Your objective:
From the line containing "Victor Frankenstein Is" to the last line of the listing, both included, copy every line exactly and drop the pictures.

Data shown:

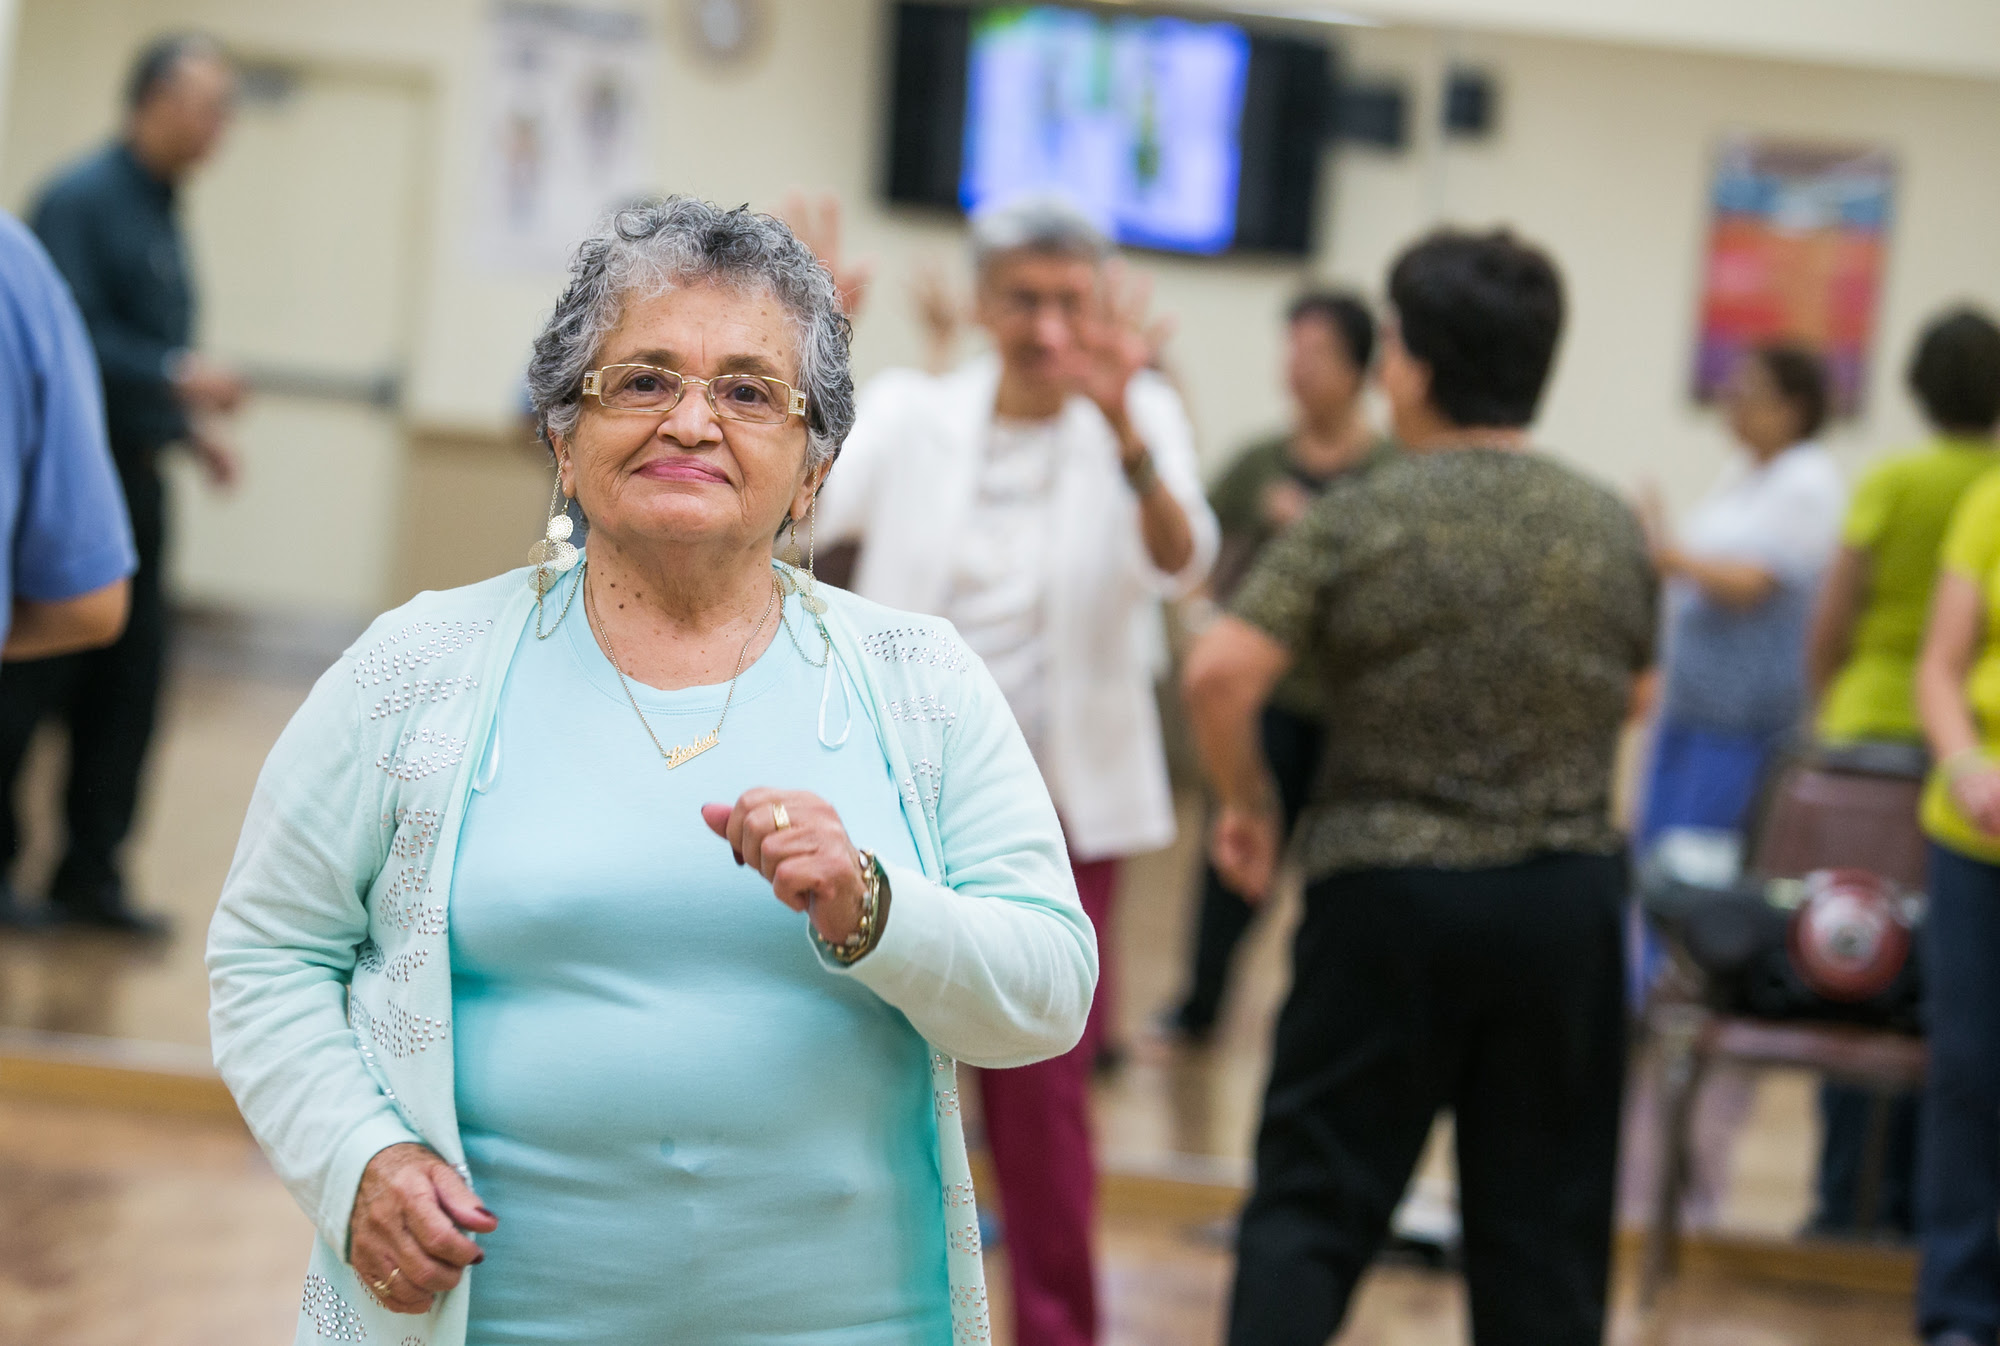 Dancing older woman at a senior center
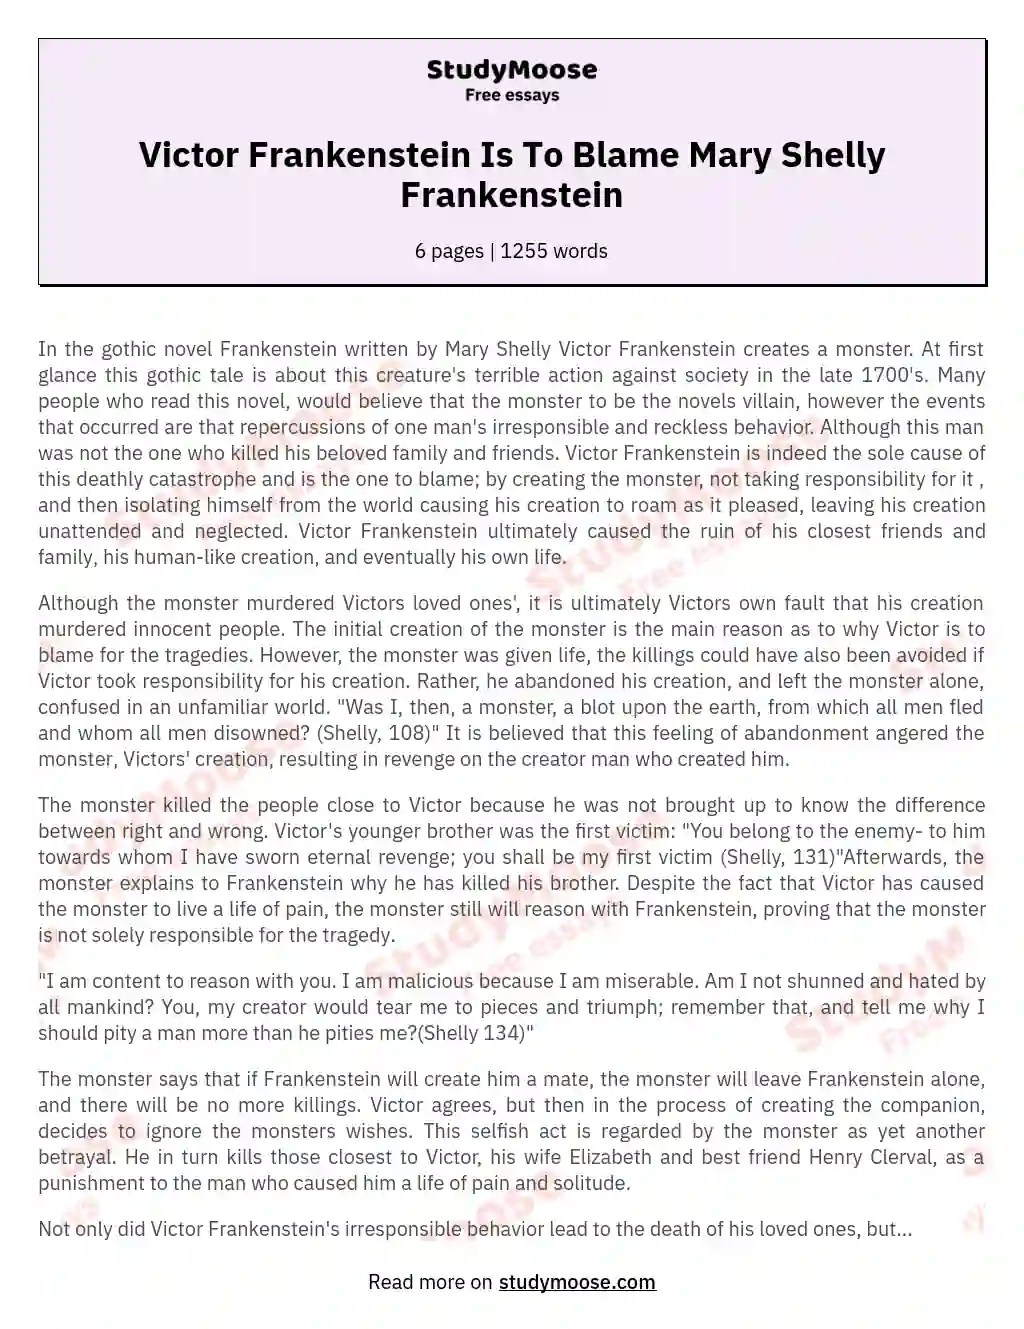 Victor Frankenstein Is To Blame Mary Shelly Frankenstein
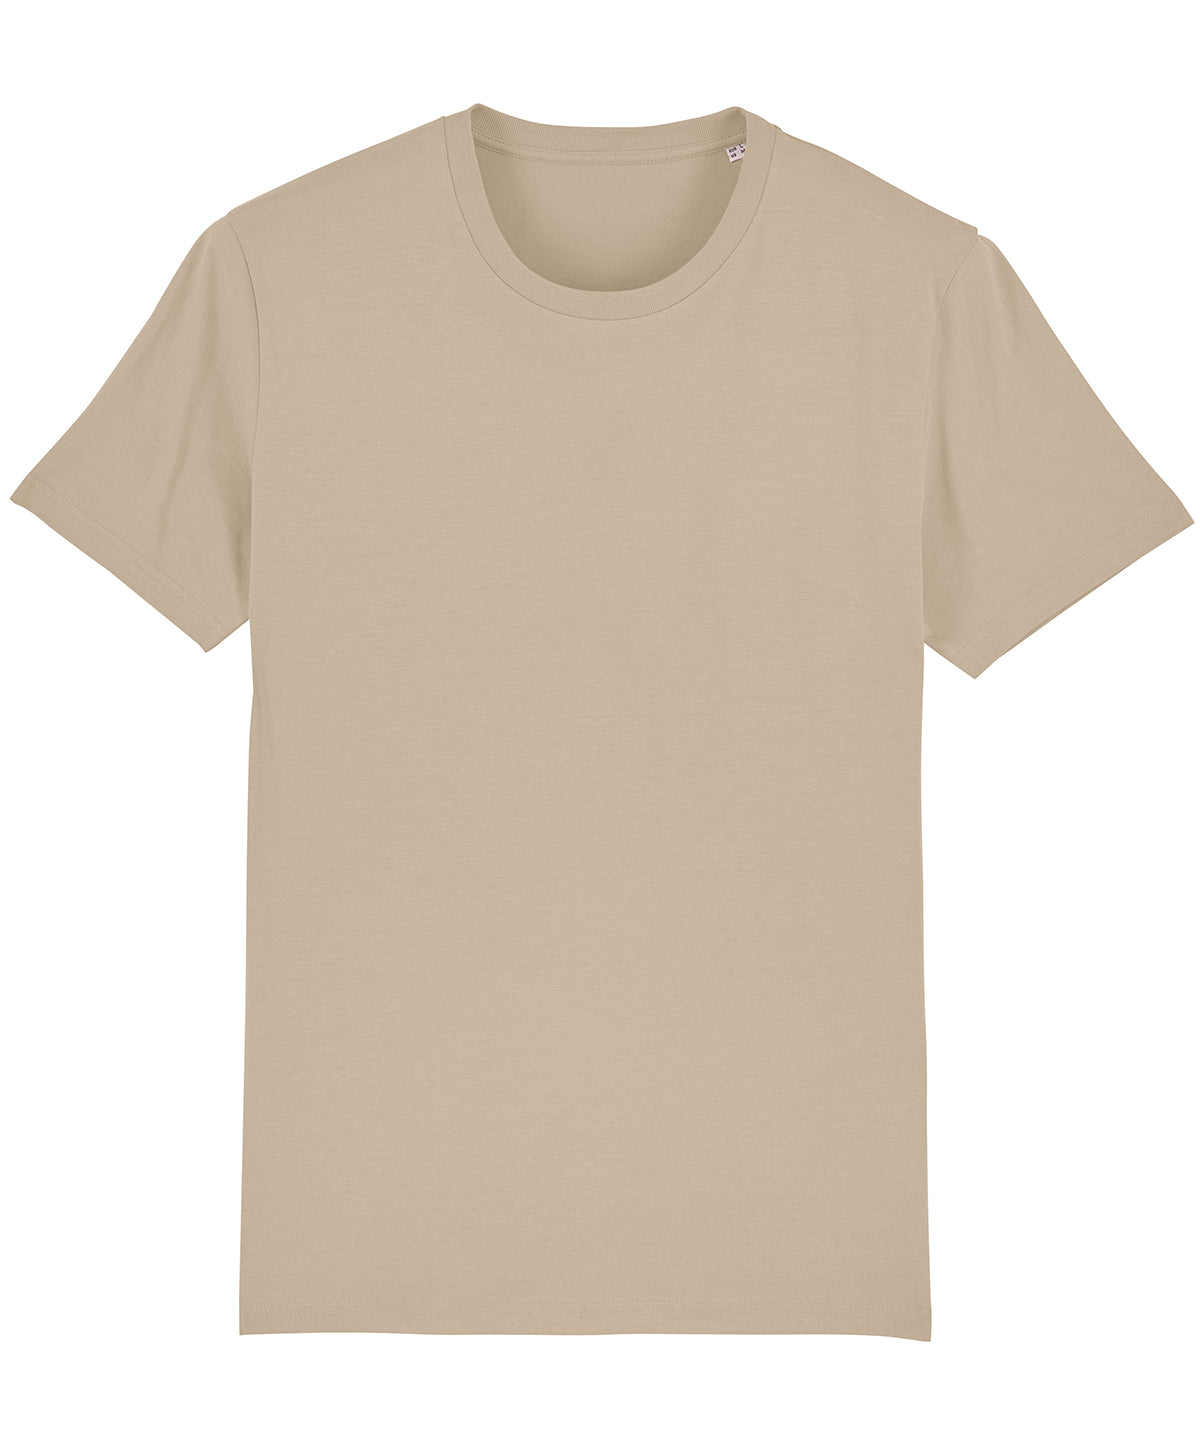 SAMPLE SALE Santa Robin T-Shirt, White L, Nude S, M, XL
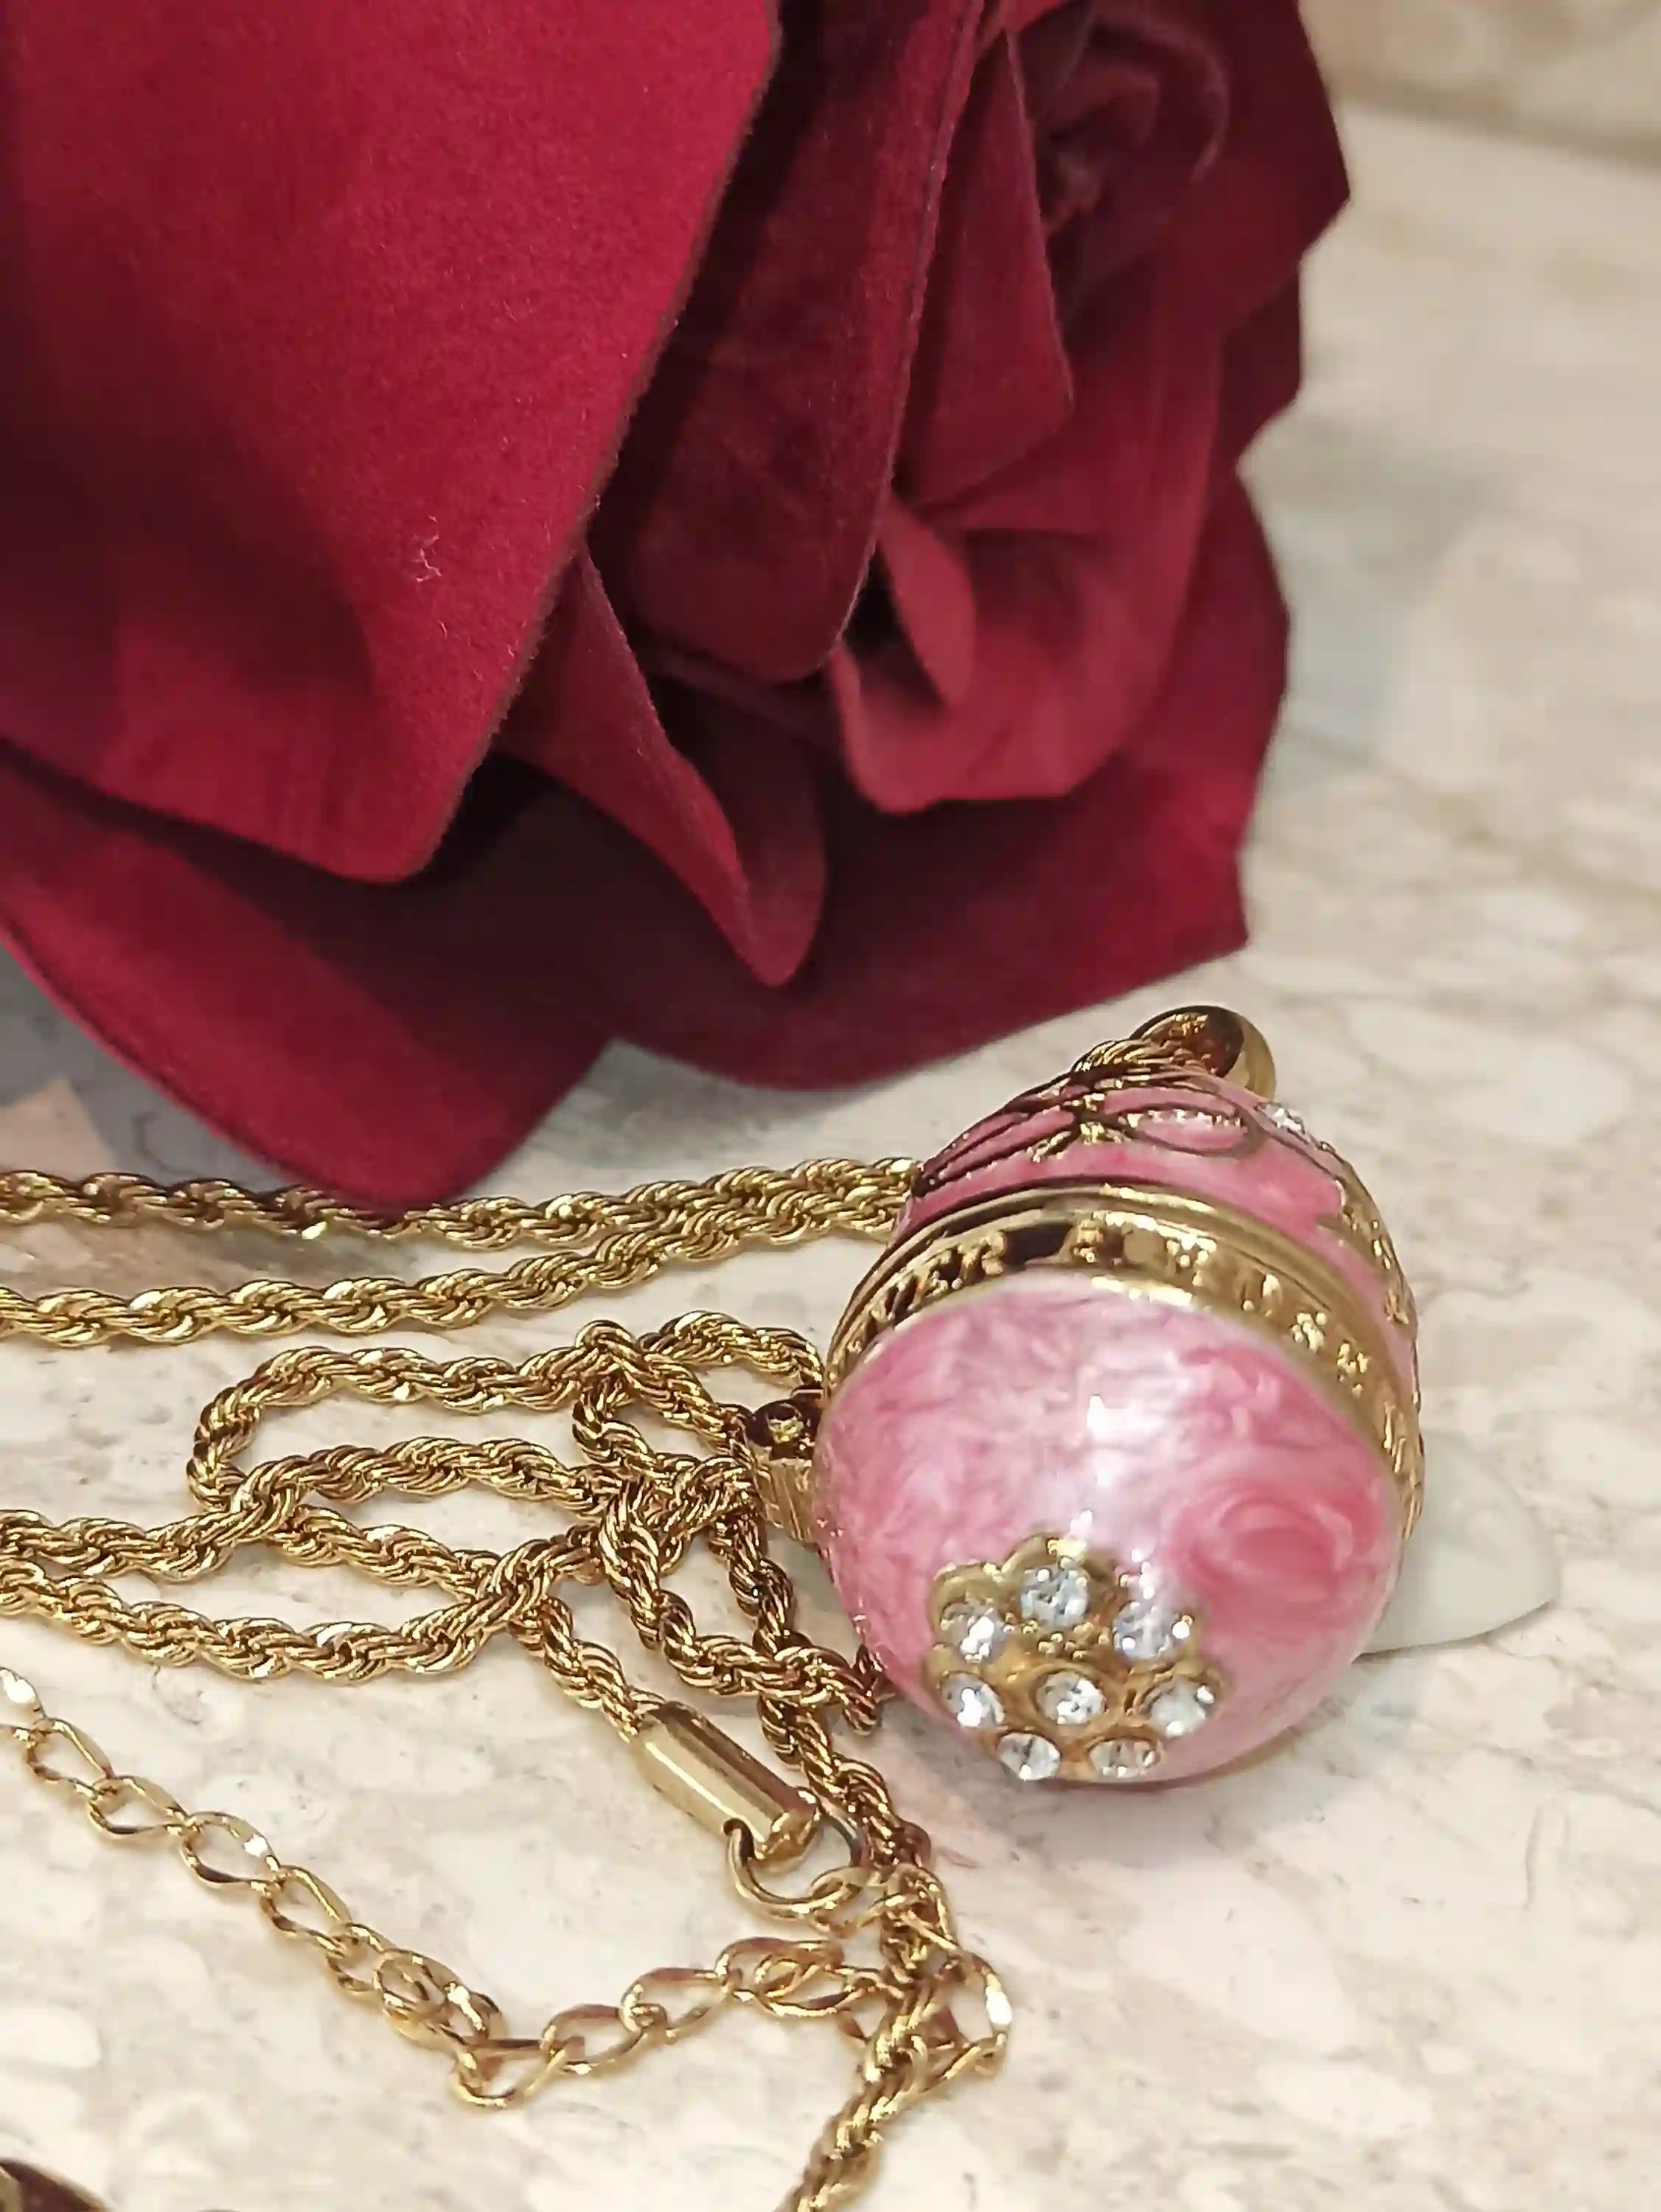 Luxurious Handmade Wedding Sterling Silver Jewelry SET Gift Faberge Egg Gold 24k Guilloche + Austrian Crystal DIAMOND Handset Pink Topaz SET

Solution for this problem:
 Victor Frankenstein Is To Blame Mary Shelly Frankenstein
 SAMPLE SALE Santa Robin T-Shirt, White L, Nude S, M, XL
 Luxurious Handmade Wedding Sterling Silver Jewelry SET Gift Faberge Egg Gold 24k Guilloche + Austrian Crystal DIAMOND Handset Pink Topaz SET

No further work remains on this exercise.